Work to complete:
Leaving the pictures aside, transcribe every line below exactly.

Source data:
*** Begin section ***
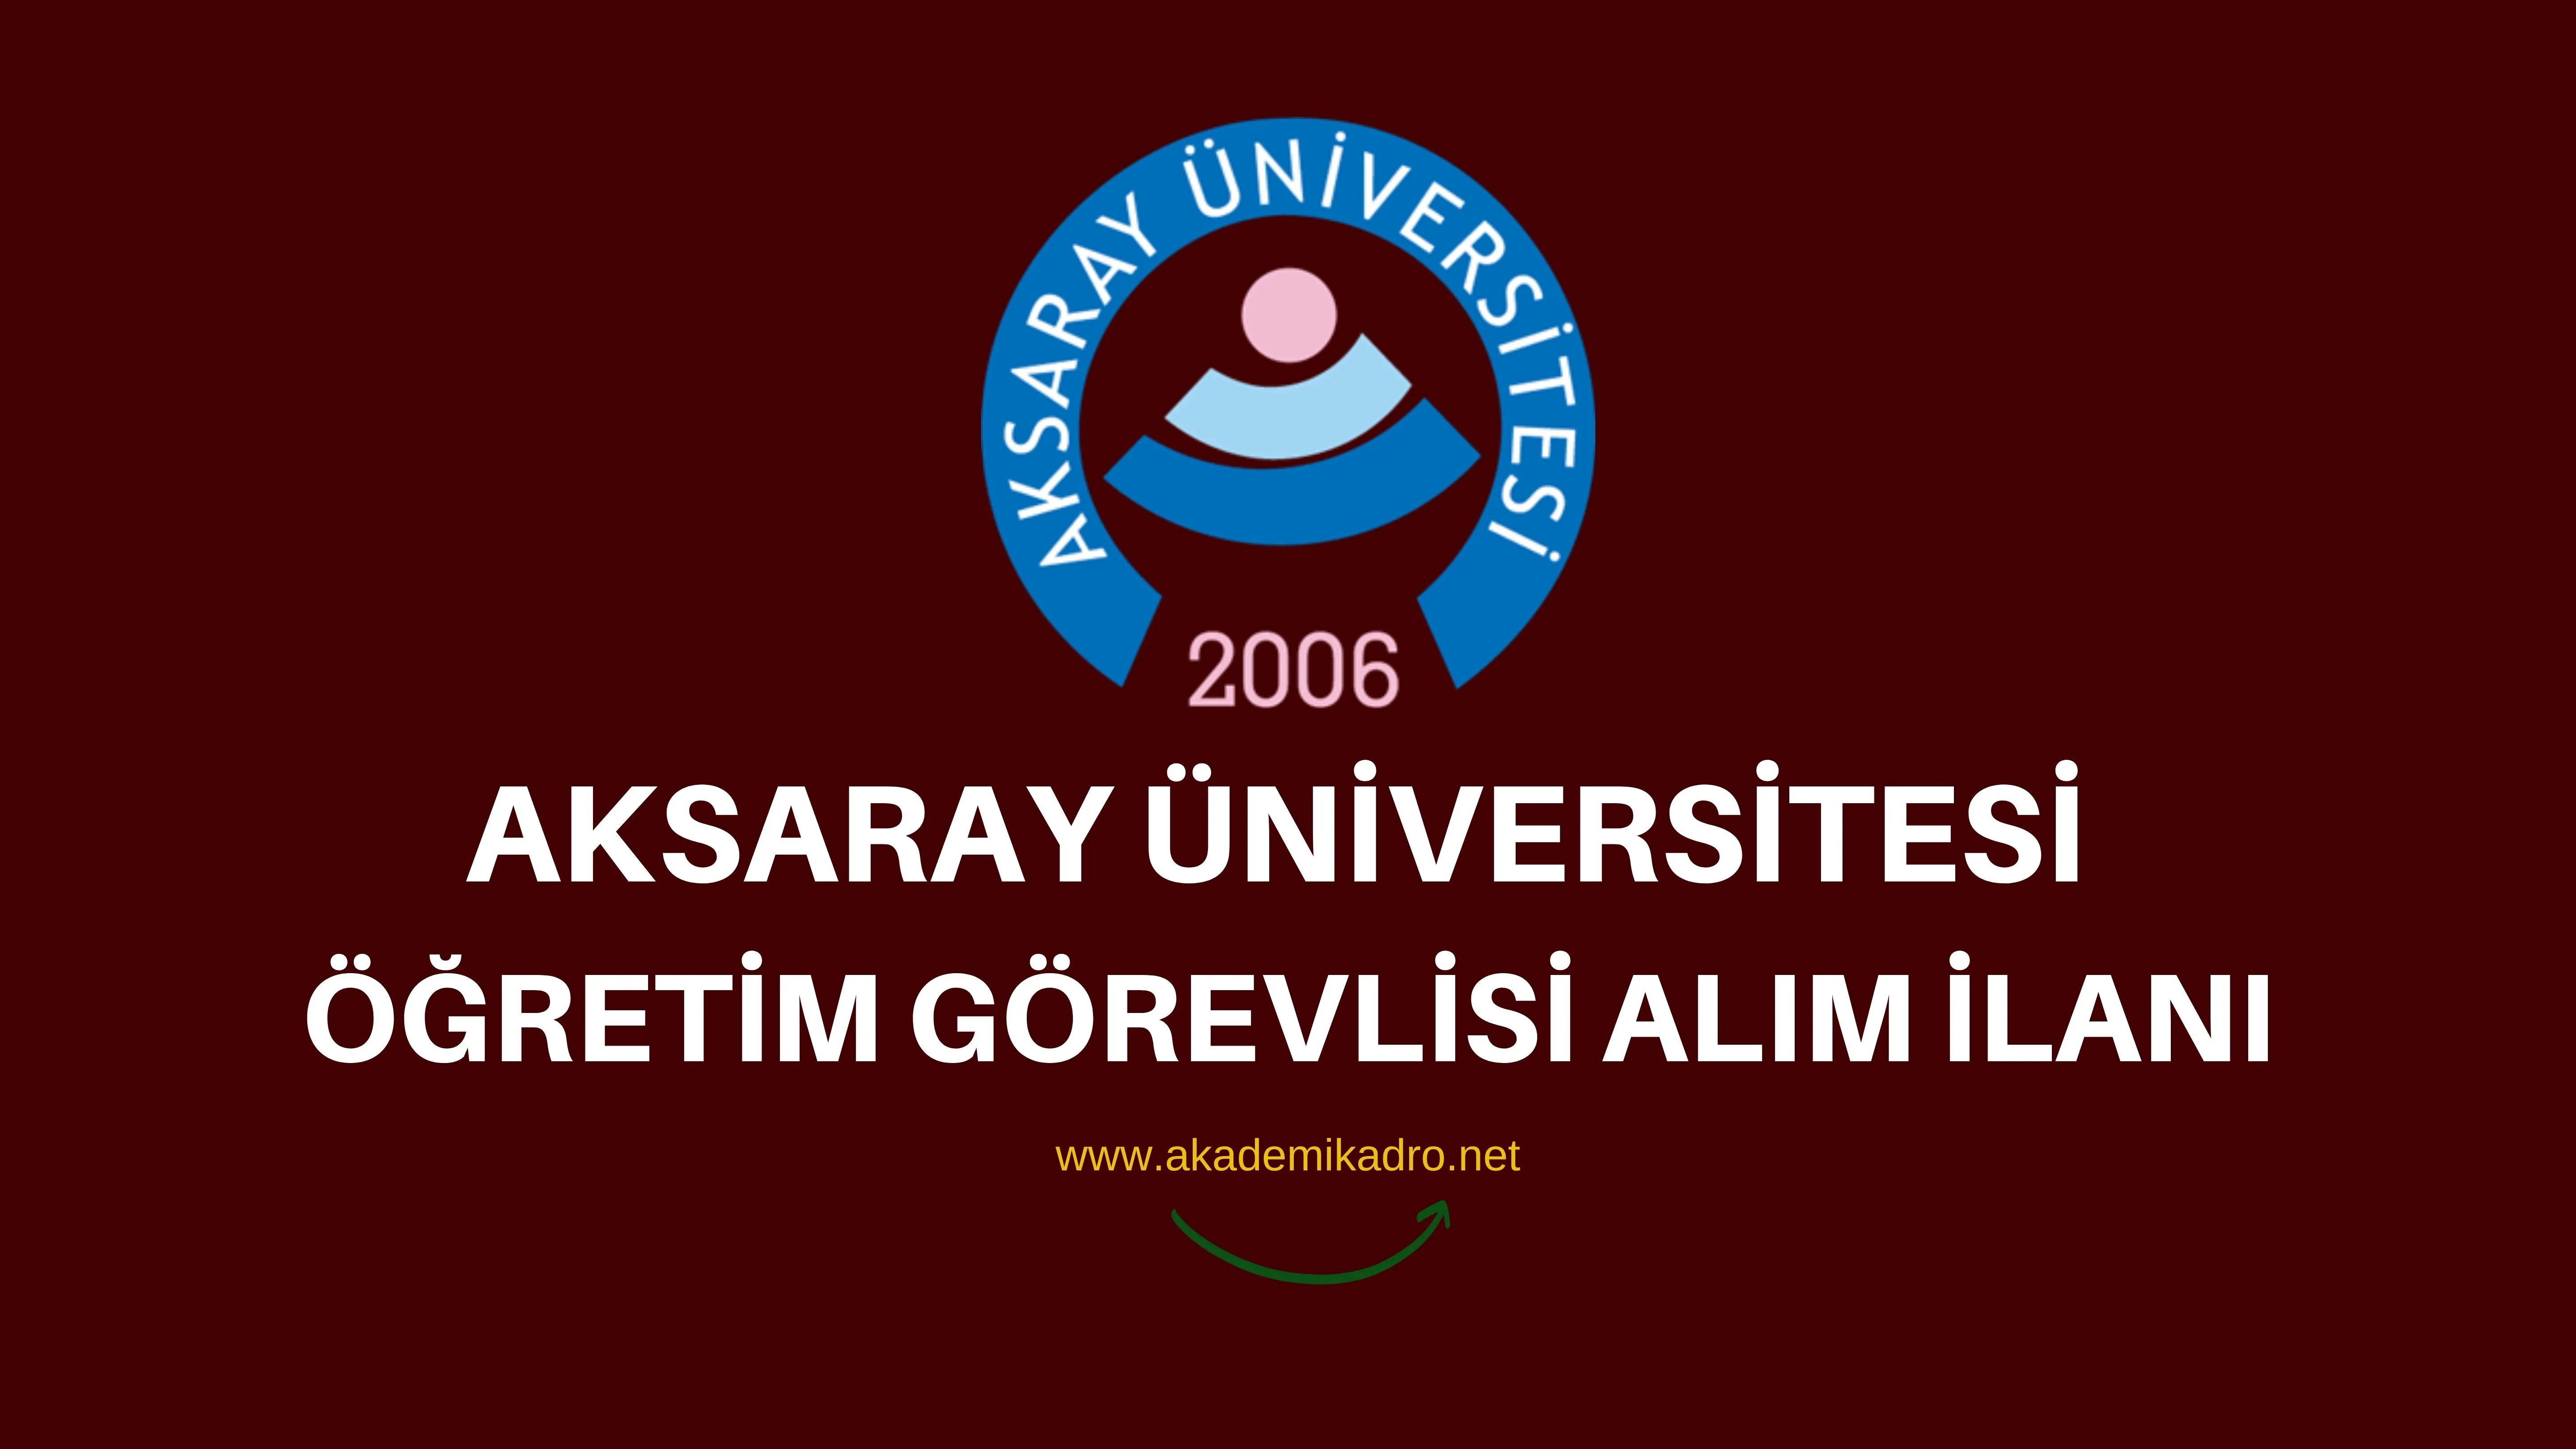 Aksaray Üniversitesi 4 Öğretim Görevlisi alacaktır. Son başvuru tarihi 28 Eylül 2022
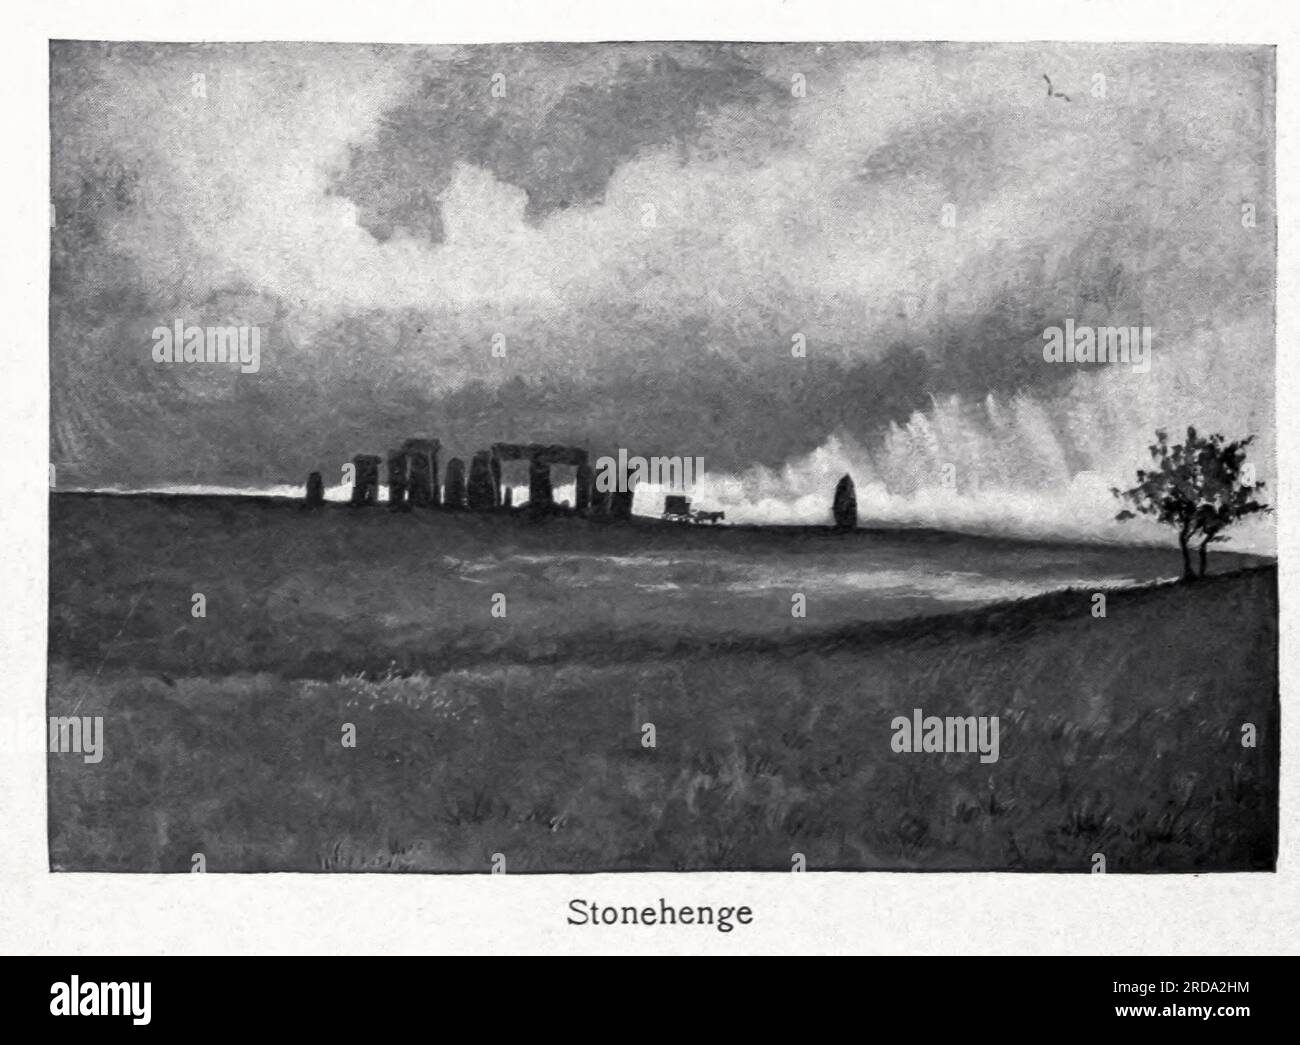 Stonehenge fotografia in bianco e nero dal libro ' Among English Hedgerows' di Clifton Johnson, 1865-1940 data di pubblicazione 1899 ristampata nel 1914 Publisher New York : The Macmillan co.; London, Macmillan and co., ltd. Foto Stock
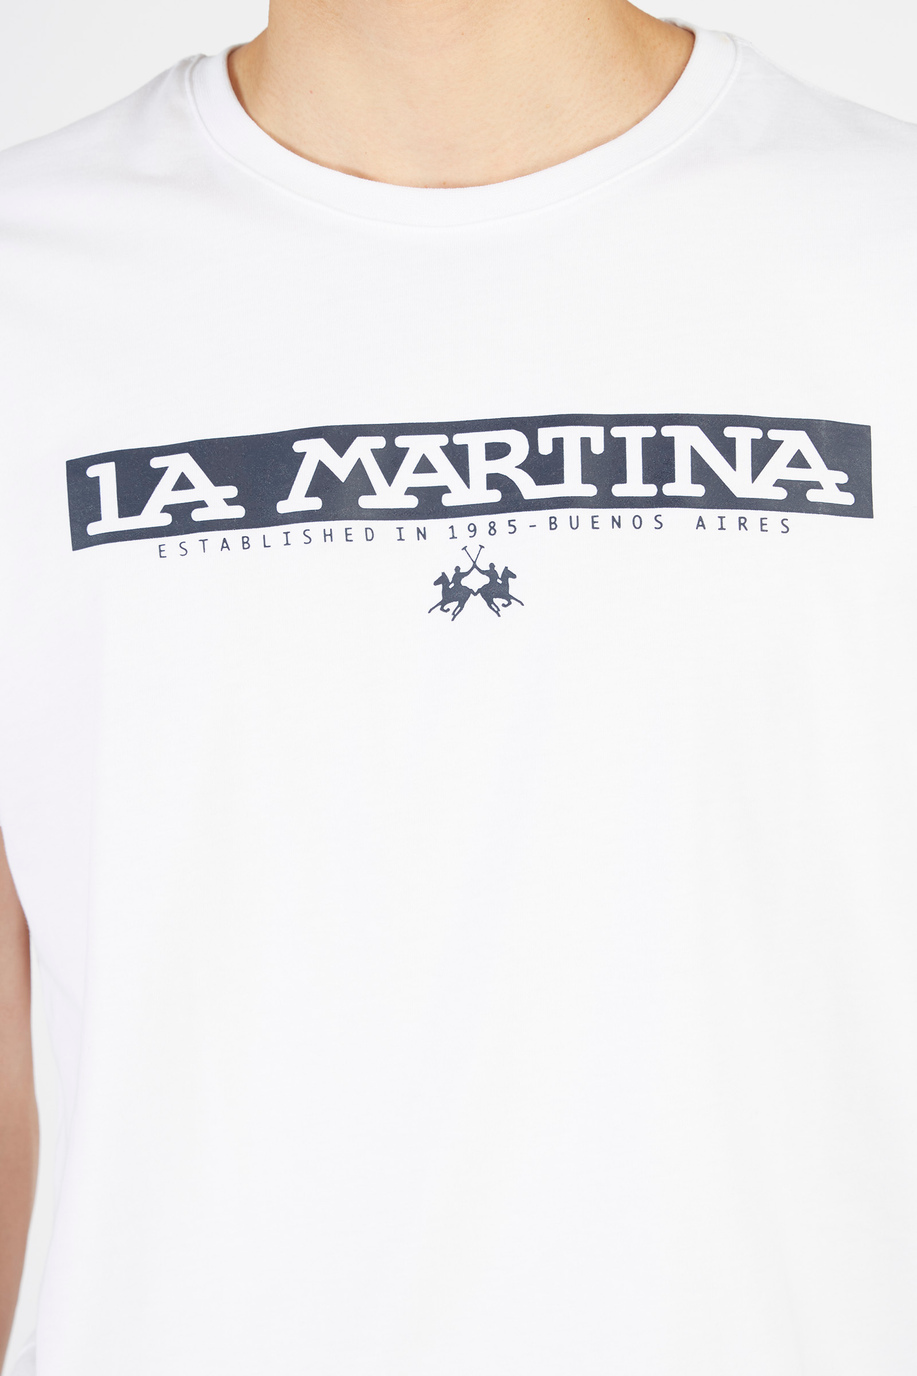 Men’s short-sleeved regular fit crew neck t-shirt - Gifts under €75 for him | La Martina - Official Online Shop
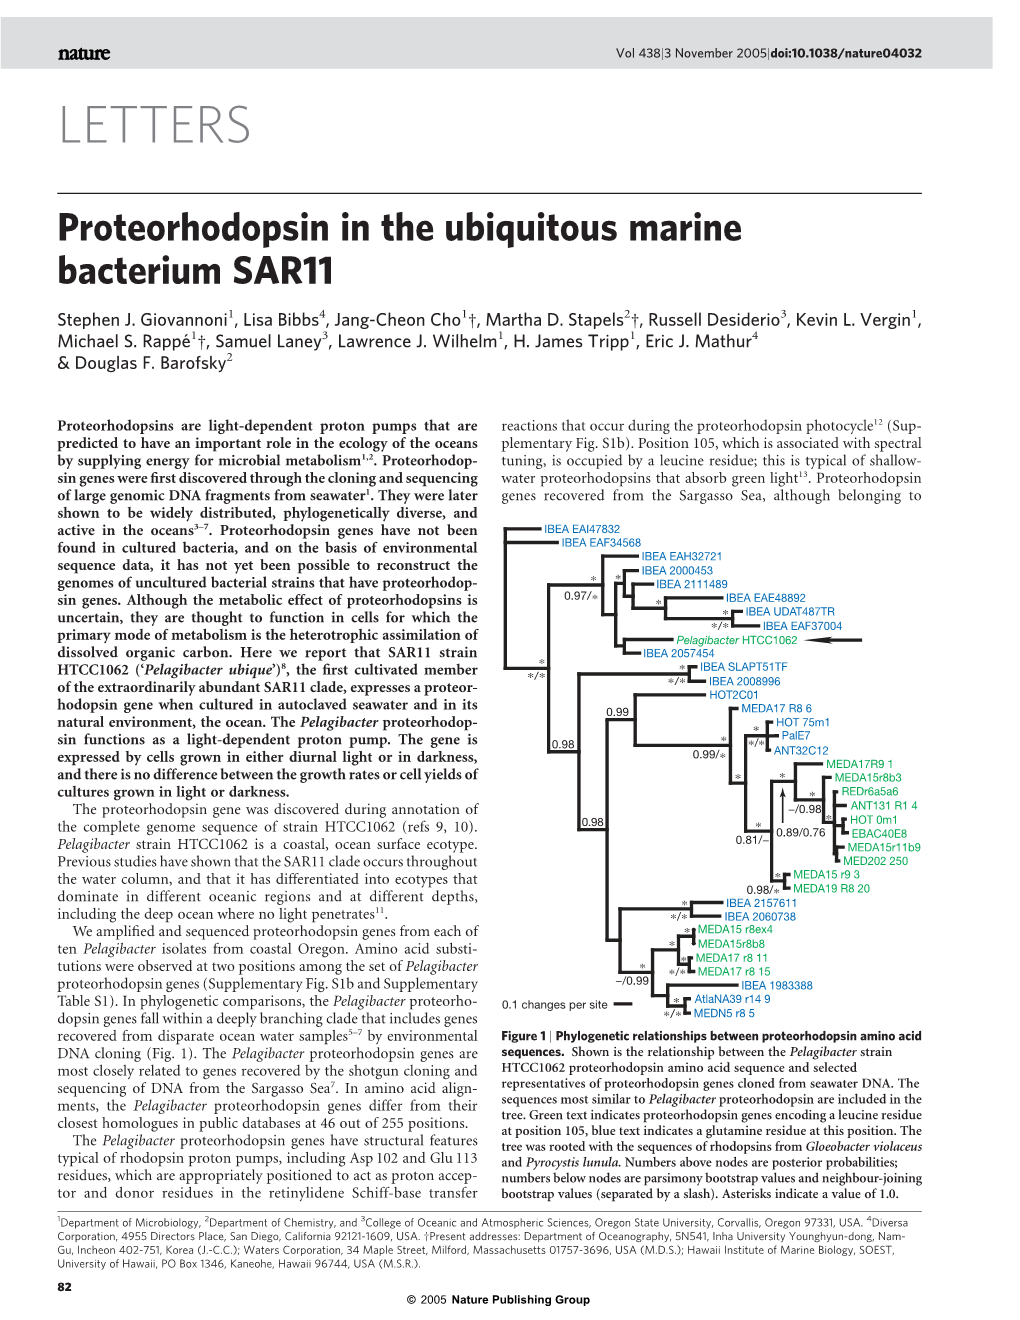 Proteorhodopsin in the Ubiquitous Marine Bacterium SAR11
*** End section ***
Expected answer:
 Aksaray Üniversitesi 4 Öğretim Görevlisi alacaktır. Son başvuru tarihi 28 Eylül 2022
 Stonehenge fotografia in bianco e nero dal libro ' Among English Hedgerows' di Clifton Johnson, 1865-1940 data di pubblicazione 1899 ristampata nel 1914 Publisher New York : The Macmillan co.; London, Macmillan and co., ltd. Foto Stock
 Men’s short-sleeved regular fit crew neck t-shirt - Gifts under €75 for him | La Martina - Official Online Shop
 Proteorhodopsin in the Ubiquitous Marine Bacterium SAR11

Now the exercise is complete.